On page 29 in Christopher Bishop's Pattern Recognition and Machine Learning book he gives the following two equations
1.62
$$ \ln p(t|\pmb{x}, \pmb{w}, \beta) = - \frac{\beta}{2} \sum_{n=1}^N \{ y(x_n, \pmb{w}) - t_n \}^2 + \frac{N}{2} \ln \beta - \frac{N}{2} \ln(2\pi) $$
He then goes on to explain that maximizing this with respect to w would result in the following by basically removing everything that is not dependent on $w$ which makes sense...

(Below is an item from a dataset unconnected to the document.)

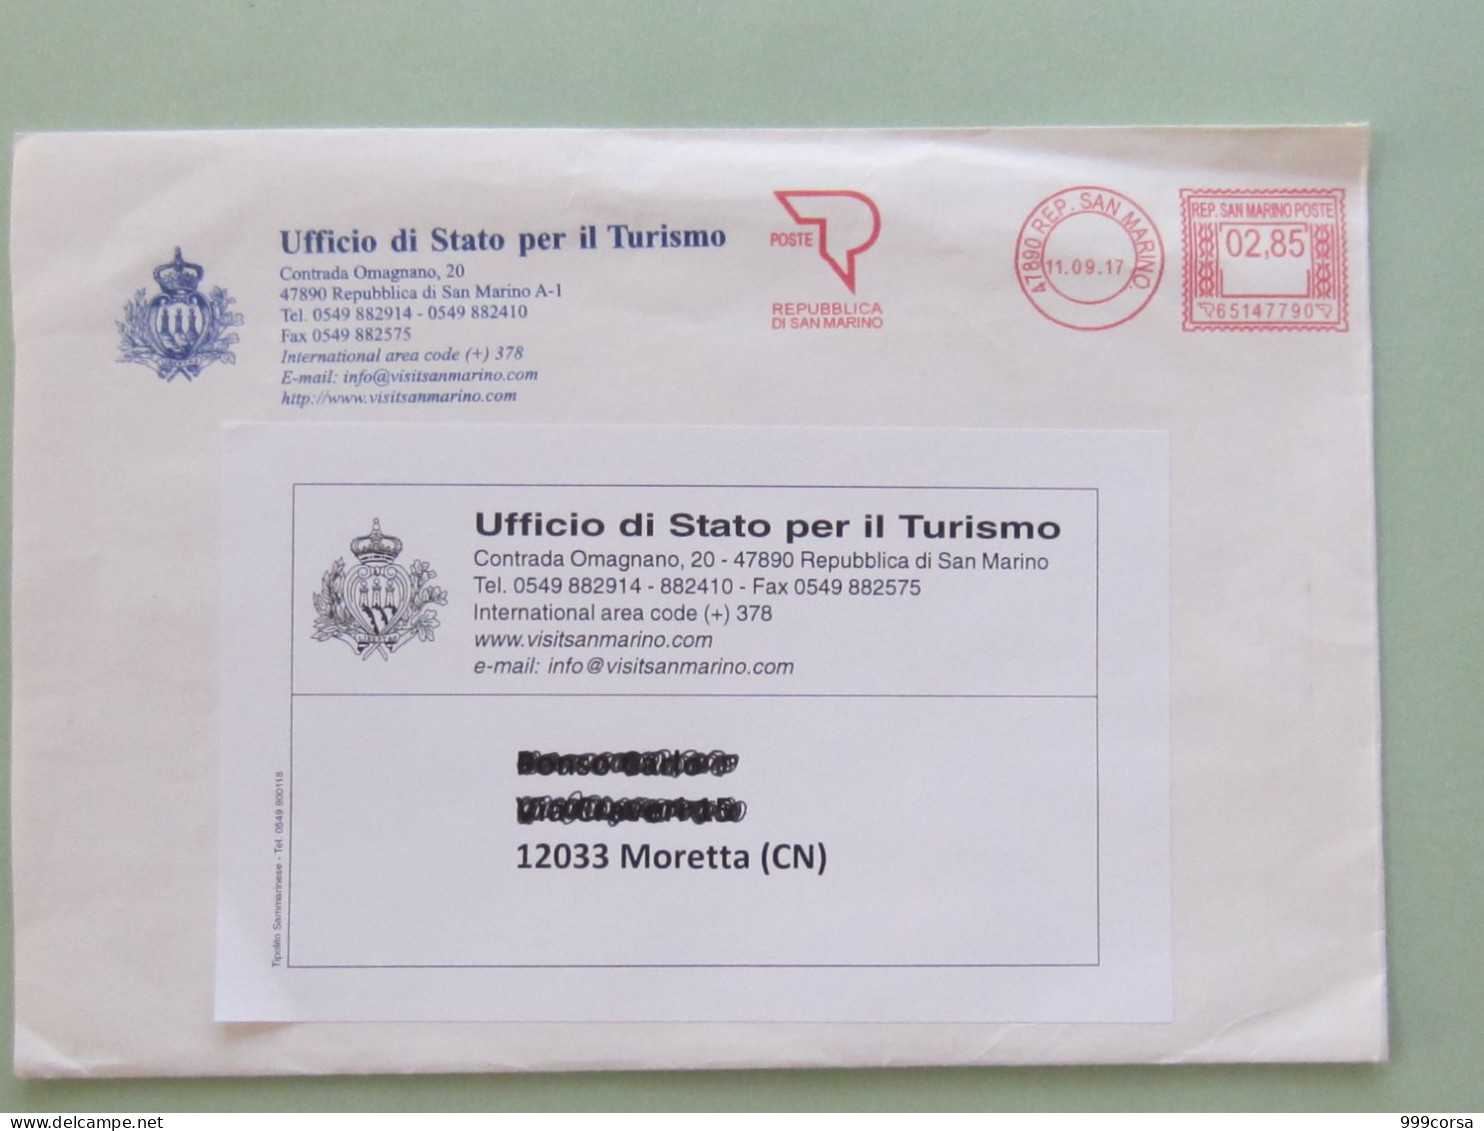 S.Marino, Ema, Affrancatura Mecc., Meter, Freistempel, Ufficio Di Stato Per Il Turismo, Tariffa 2,85, 3°porto(100g.) - Briefe U. Dokumente

$$ \pmb{w}_{ML} = \frac{1}{2} \sum_{n=1}^N \{ y(x_n, w) - t_n \}^2 $$
Immediately following this the claim is made that maximizing with respect to $\beta$ gives the following...
$$ \frac{1}{\beta_{ML}} = \frac{1}{N} \sum_{m=1}^N \{ y(x_n, w) - t_n \}^2 $$
and I can't quite get there by the same logic, how would you arrive at this?
I was wrongly assuming that the $\frac{N}{2} \ln \beta$ was part of the summand. Taking the derivative and setting it to 0 gave me the proper outcome.
$$ \begin{aligned} &\frac{\partial}{\partial \beta} \Big\lbrack -\frac{\beta}{2} \sum_{n=1}^N \{ y(x_n, \pmb{w}) - t_n \}^2 + \frac{N}{2} \ln \beta - \frac{N}{2} \ln(2\pi) \Big\rbrack \\ &\frac{\partial}{\partial \beta} \Big\lbrack -\frac{\beta}{2} \sum_{n=1}^N \{ y(x_n, \pmb{w}) - t_n \}^2 \Big\rbrack + \frac{\partial}{\partial \beta} \Big\lbrack \frac{N}{2} \ln \beta \Big\rbrack \\ 0 = &-\frac{1}{2} \sum_{n=1}^N \{ y(x_n, \pmb{w}) - t_n \}^2 + \frac{N}{2\beta}\\ -\frac{N}{2\beta} = &-\frac{1}{2} \sum_{n=1}^N \{ y(x_n, \pmb{w}) - t_n \}^2 \\ \frac{1}{2\beta} = &\frac{1}{2N} \sum_{n=1}^N \{ y(x_n, \pmb{w}) - t_n \}^2 \\ \frac{1}{\beta} = &\frac{1}{N} \sum_{n=1}^N \{ y(x_n, \pmb{w}) - t_n \}^2 \\ \end{aligned} $$